Dataset excerpt

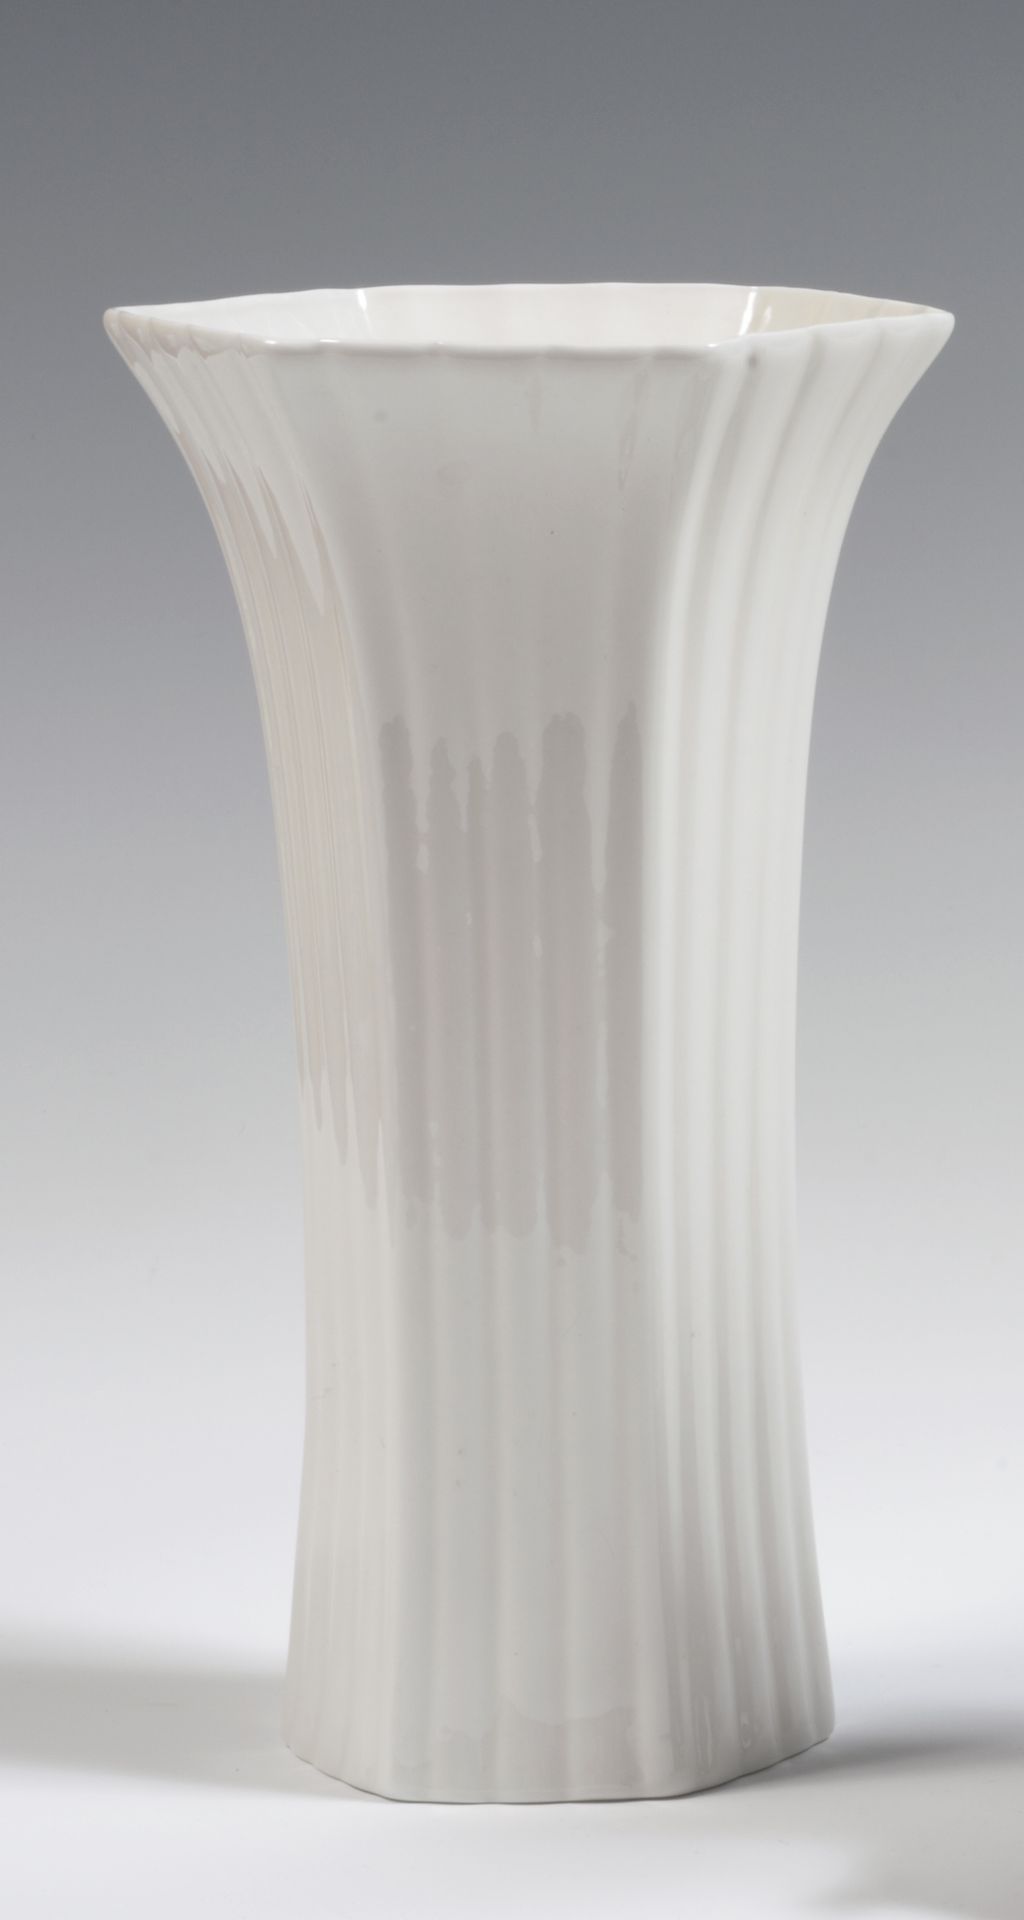 Null 
Inghilterra

Coppia di vasi esagonali in porcellana bianca con scanalature&hellip;

What you need to do
Copy out the listing above exactly, and keep the pictures out of it.

Exercise solution
 Null 
Inghilterra

Coppia di vasi esagonali in porcellana bianca con scanalature&hellip;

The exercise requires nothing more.